American Recycler News, Inc.

 

Metalico reports $10M third quarter loss

Metalico, Inc. reported a third quarter net loss of $10.7 million, equivalent to $0.22 per diluted share, due principally to a $12.1 million non-cash impairment charge to intangible assets.

Excluding the impairment charge and other unusual items, Metalico posted an adjusted loss of $1.3 million, or $0.03 per share. Net income for the prior year quarter was $5.1 million, or earnings per share of $0.11.

Metalico posted sales of $133 million for the quarter ended September 30, as compared to $169 million in the 2011 period. Weak metal selling prices and sluggish volume contributed to the reduction in revenue.

The operating loss in the third quarter resulted primarily from a pre-tax $12.1 million non-cash impairment of intangible assets in the Company’s Platinum Group Metals (PGM) reporting units.

Year-over-year comparison to the third quarter of 2011 shows lower shipments except for nonferrous scrap, with ferrous scrap volumes down one percent. Lower PGM volumes accounted for a majority of the drop in revenue.

  • Sales decreased 21 percent to $133 million from $169 million.
  • The company had adjusted operating income of $188,000, versus income of $6.5 million.
  • A net loss of $10.7 million was reported, of which $8.4 million was the non-cash impairment, and $955,000 related to the book-to-physical inventory adjustment, compared to reported net income of $5.1 million in the prior year quarter.
  • Reported loss per share was $0.22, compared to earnings of $0.11.
  • Shipments of nonferrous metals increased 31 percent to 42.9 million pounds. Ferrous shipments were relatively unchanged at 134,300 gross tons.
  • Lead product shipments decreased 11 percent to 11.3 million pounds.

The company’s scrap metal recycling segment reported a $2.1 million operating loss in the third quarter compared to $4.2 million profit last year. A $1.5 million book-to-physical adjustment of ferrous inventory, due to shrinkage, was the chief contributor to the segment’s loss, combined with tighter metal margins.

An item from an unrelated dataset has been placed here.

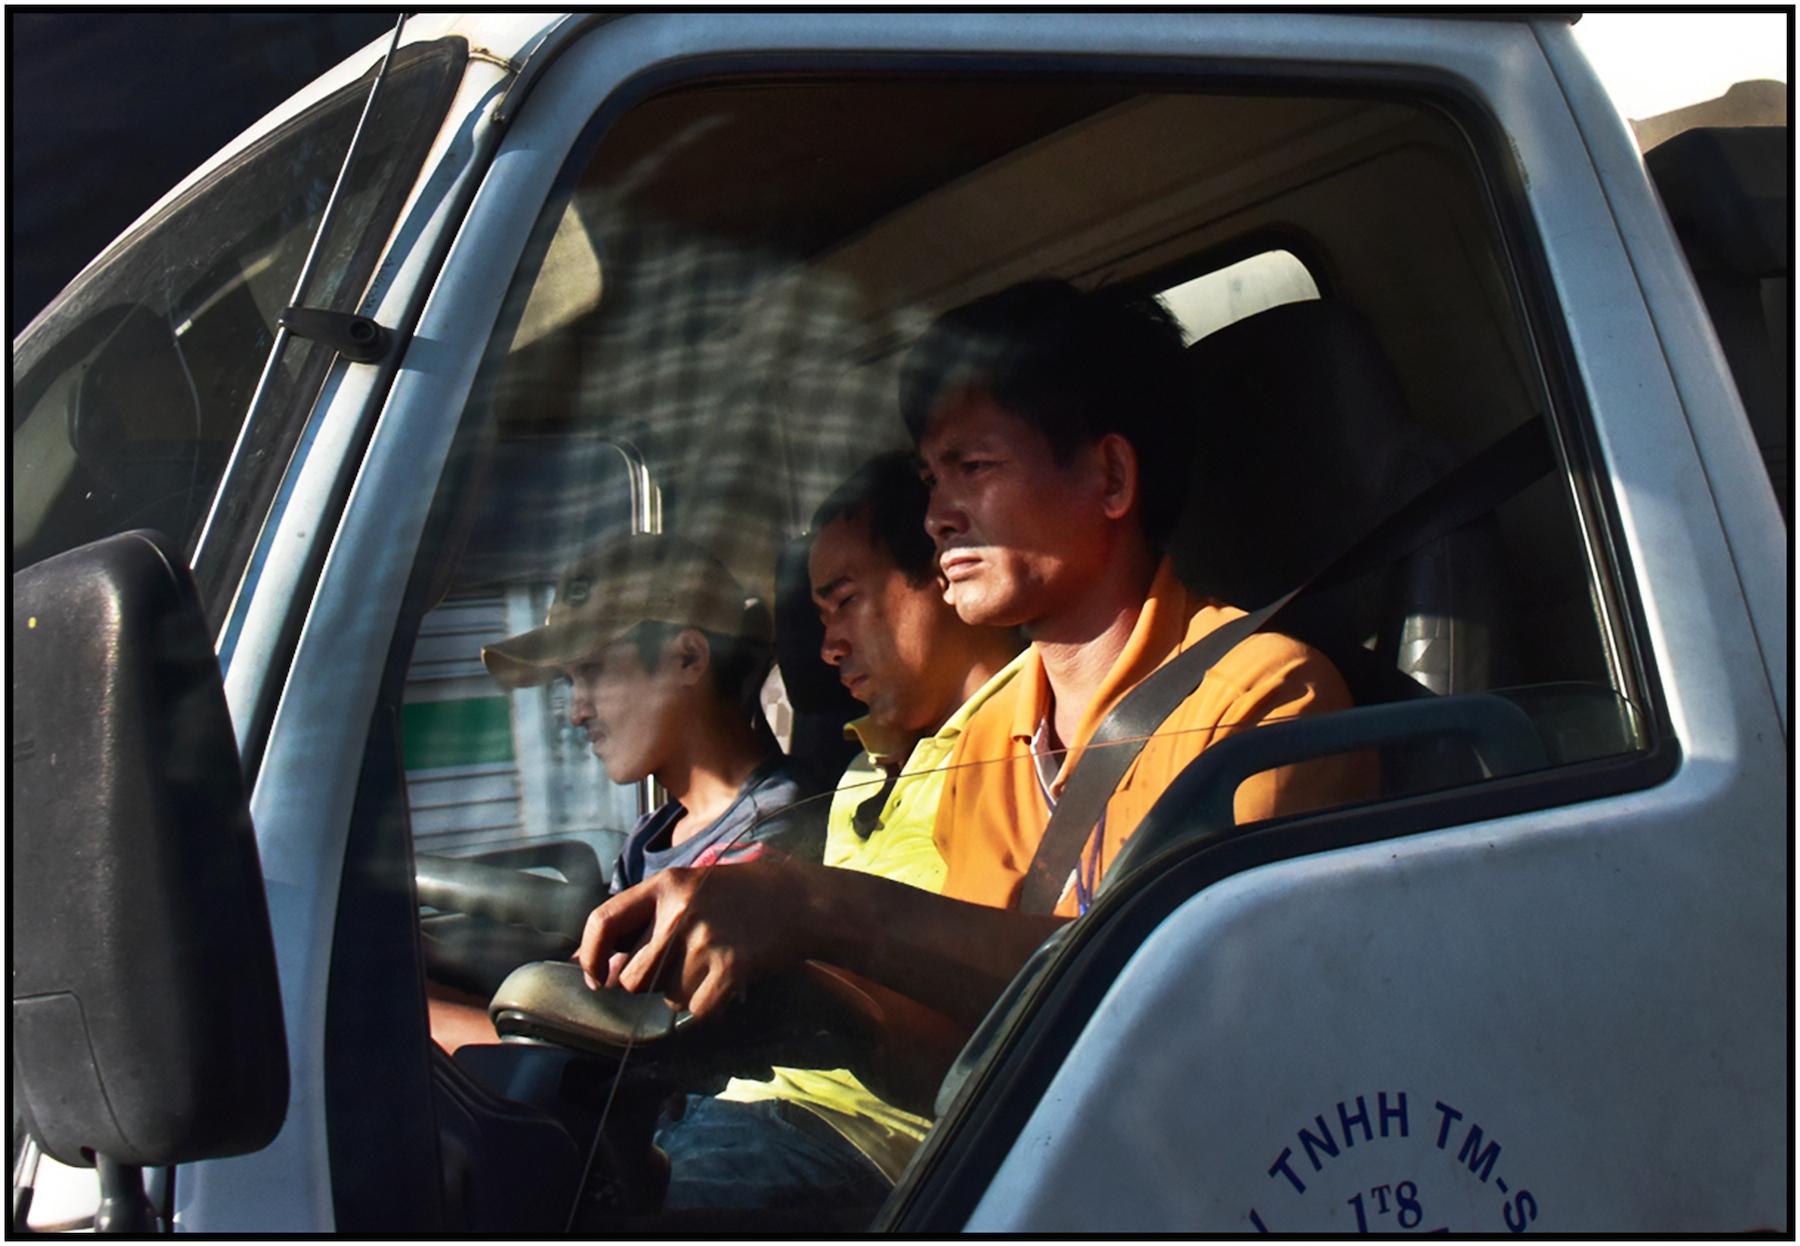 Truck drivers, near Can Tho, Mekong Delta, Jan. 2016. #8823

The $12.1 million impairment charge, combined with lower volumes, pushed the PGM and minor metals segment to an operating loss of $12.9 million versus operating income of $1.6 million in the prior year quarter.

Metalico’s ferrous and nonferrous recycling business suffered from a commodity-based rapid decline in scrap selling prices during the quarter. Both ferrous and nonferrous selling prices were down, with ferrous pricing dropping $48, or 11 percent, to $370 from $418 per gross ton in the sequential quarter.

Carlos E. Agüero, Metalico’s president and chief executive officer, said, “Undeniably, we had a difficult quarter. Our operations were adversely impacted by tight supply which resulted in persistently high metal buying prices coupled with volatile and declining commodity selling prices. However, we are making considerable progress in reducing operating expenses and have maintained discipline in metal buying practices.

“Competitive pressures for securing scrap units at acceptable margins have not abated. Yet we remain confident in Metalico’s ability to successfully navigate the challenging macroeconomic and metals industry environment.”